# [TASK STATEMENT]
As an exercise, transcribe the data below in full and exactly, omitting pictures.

# [DATA BLOCK]
'''
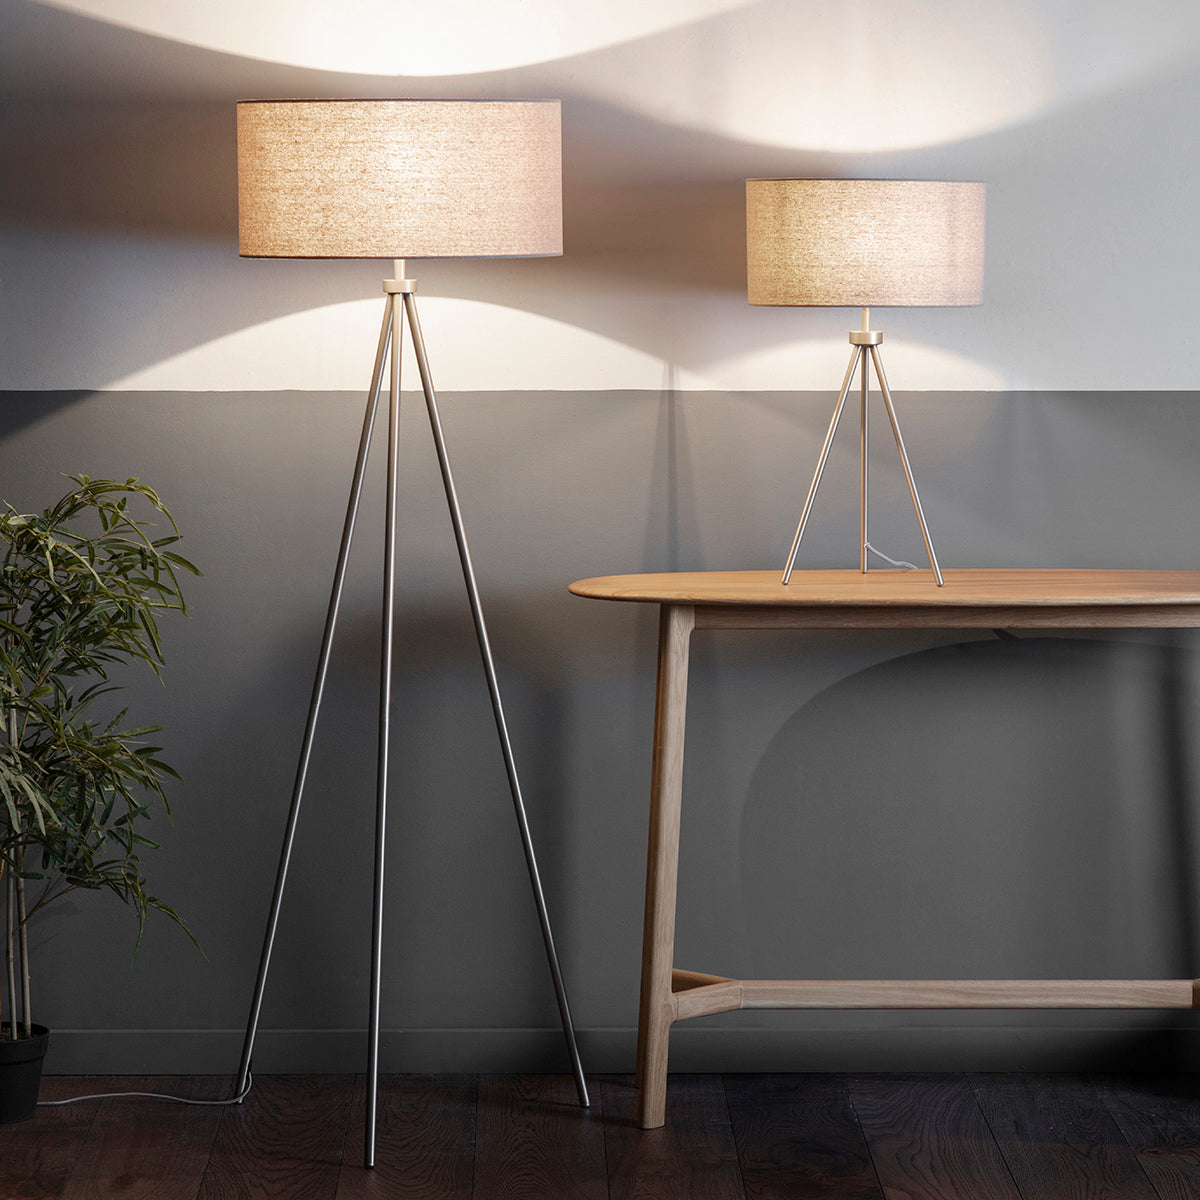 Two Kikiathome.co.uk Tri Floor Lamps enhancing home interior decor.
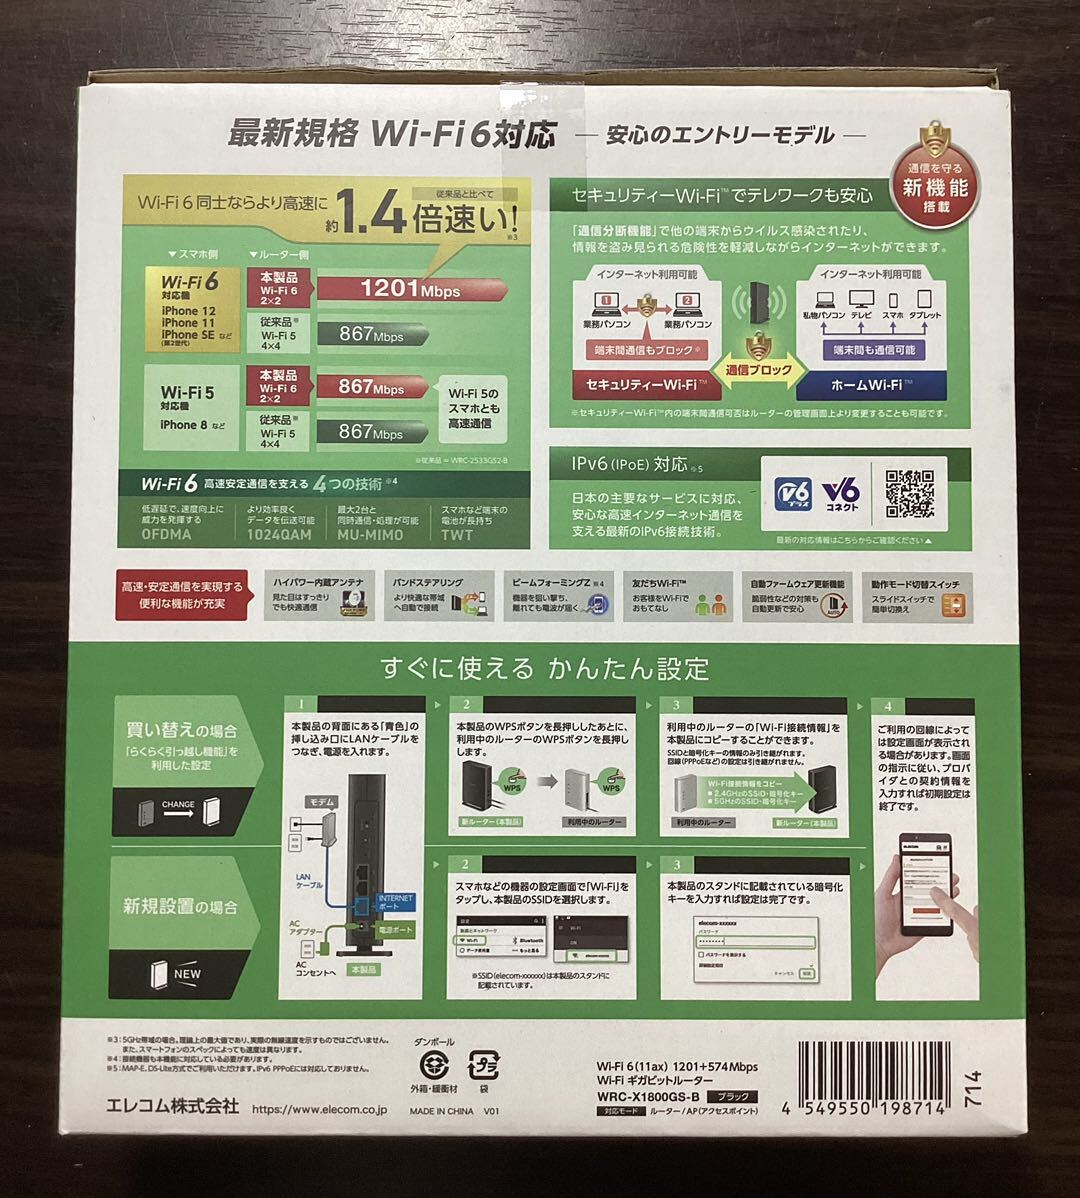 Wi-Fi 6(11ax) 1201+574Mbps Wi-Fi ギガビットルーターWRC-X1800GS-B/ 中古/動作済みの画像3
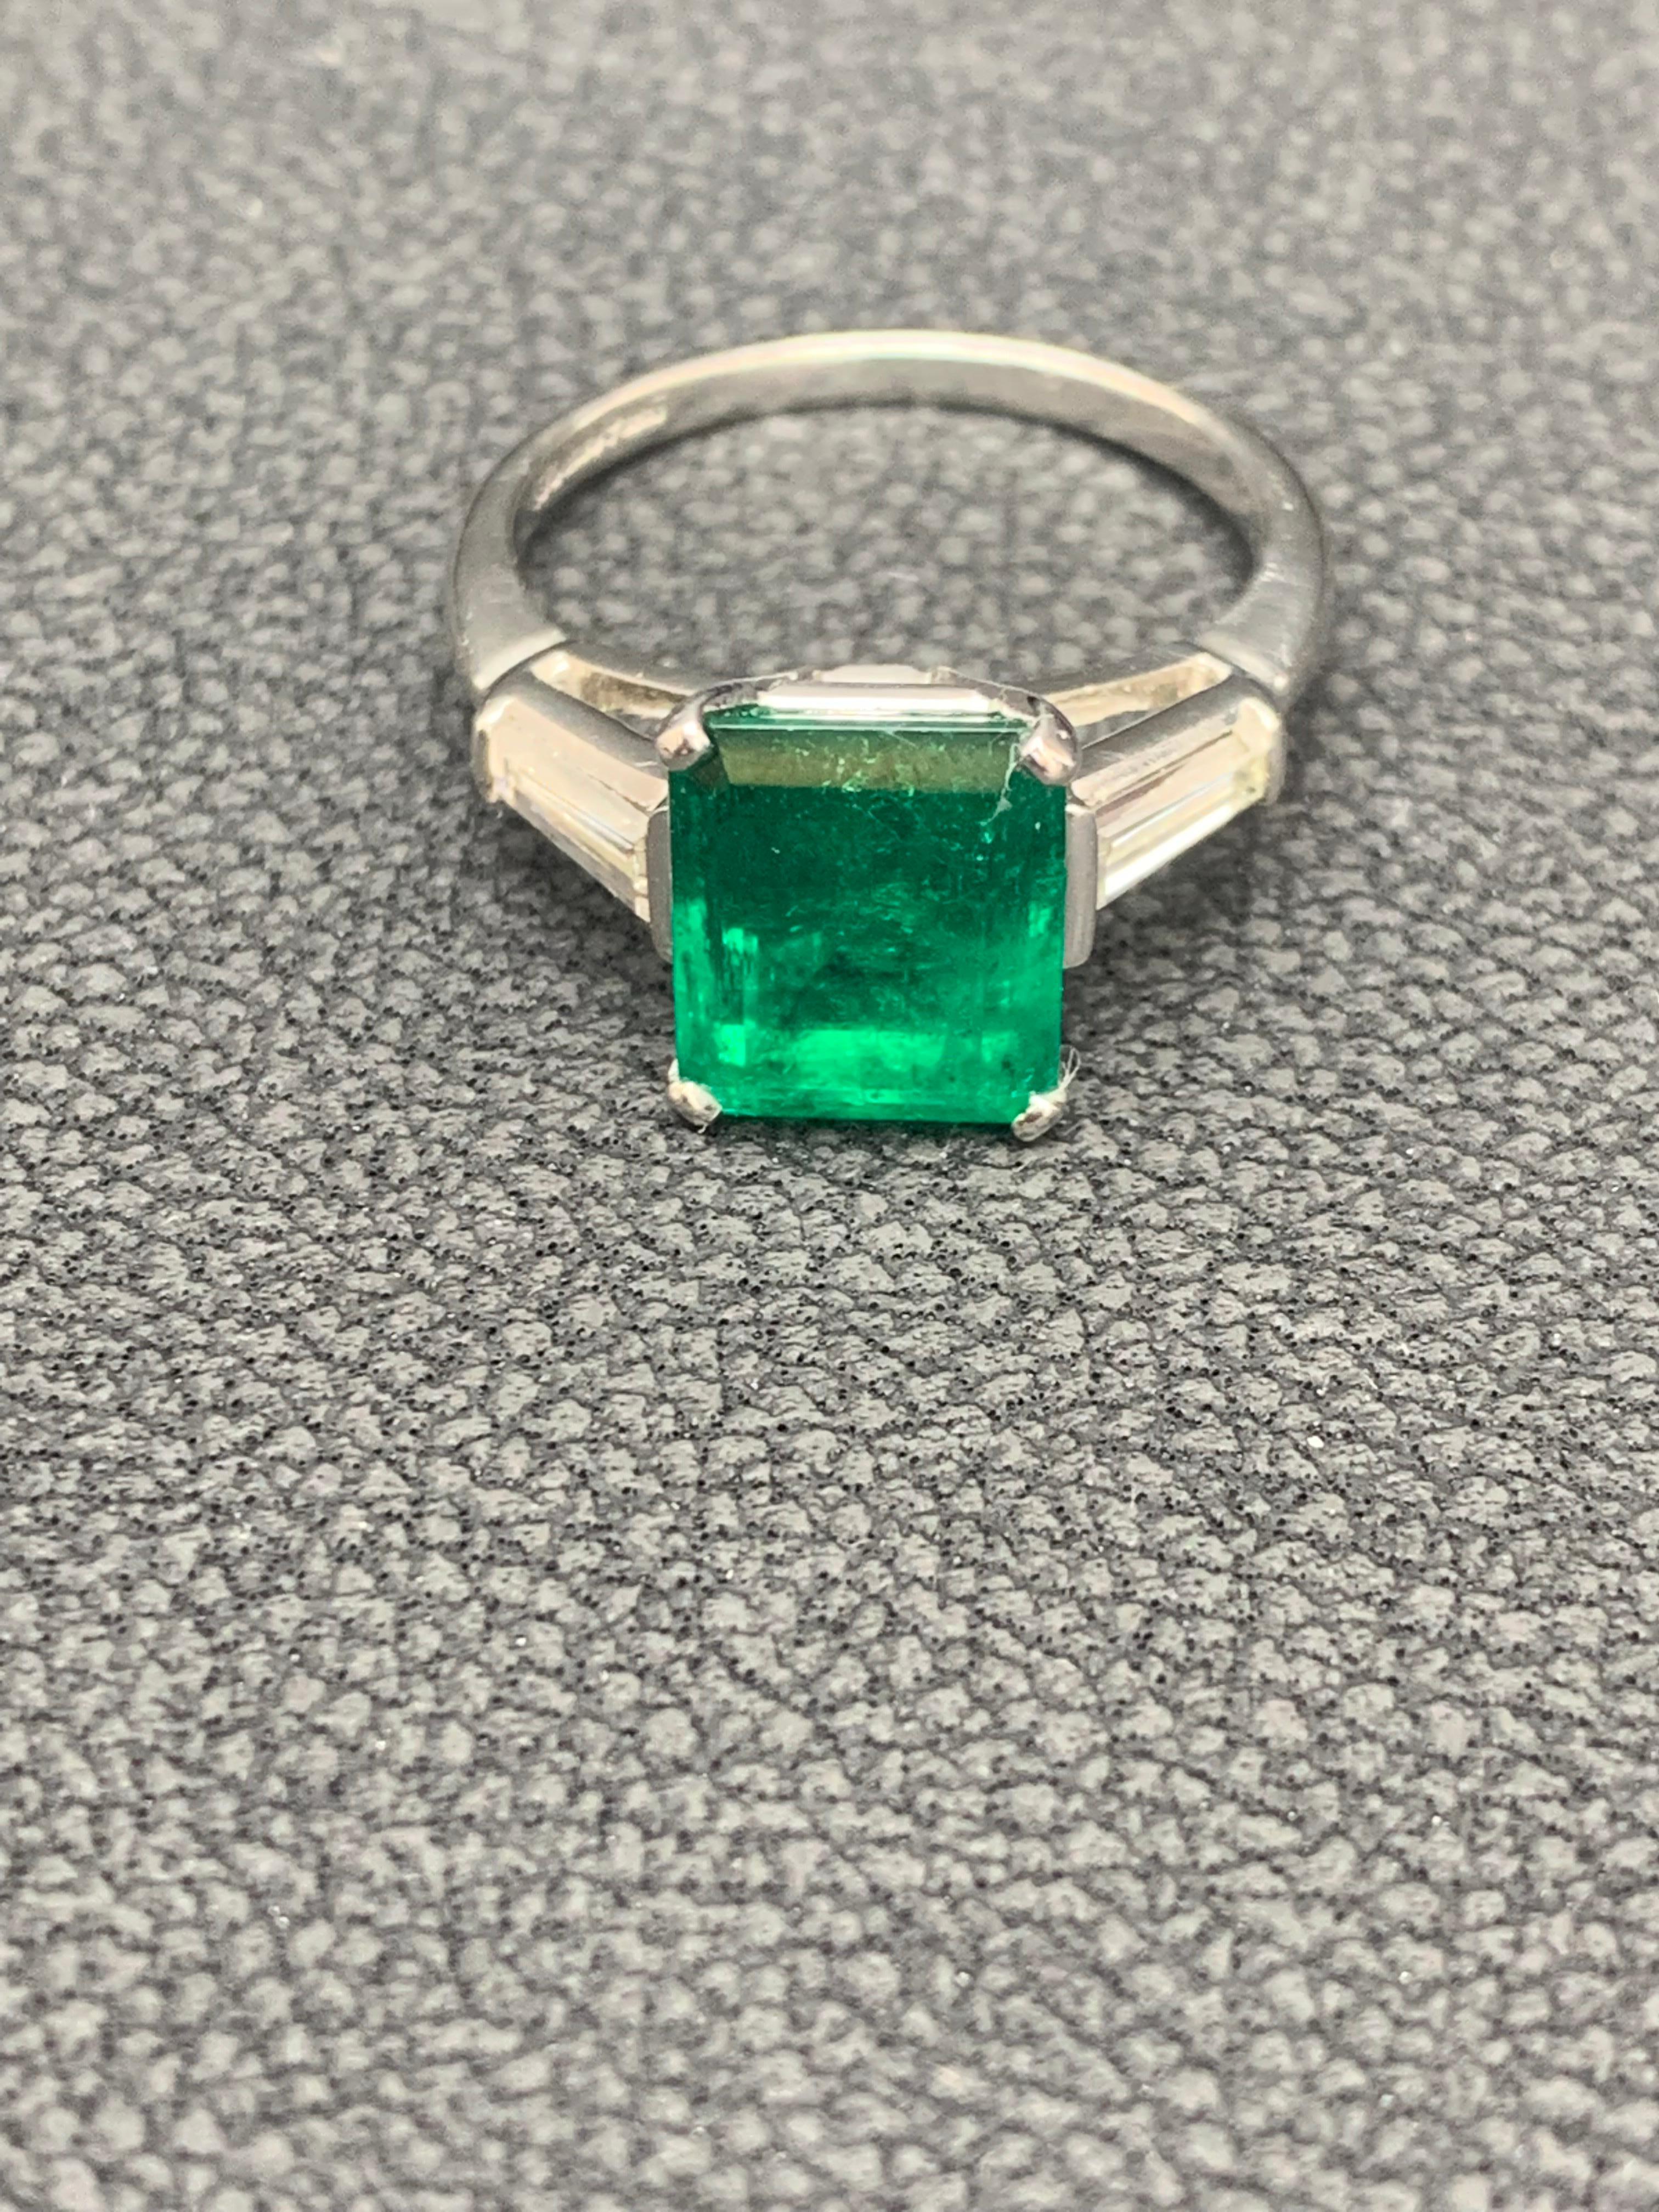 Certified 3.04 Carat Emerald Cut Columbian Emerald Diamond Ring For Sale 1
'''
# [RESPONSE FOR THIS EXERCISE]
 Two Kikiathome.co.uk Tri Floor Lamps enhancing home interior decor.
 Wi-Fi 6(11ax) 1201+574Mbps Wi-Fi ギガビットルーターWRC-X1800GS-B/ 中古/動作済みの画像3
 Certified 3.04 Carat Emerald Cut Columbian Emerald Diamond Ring For Sale 1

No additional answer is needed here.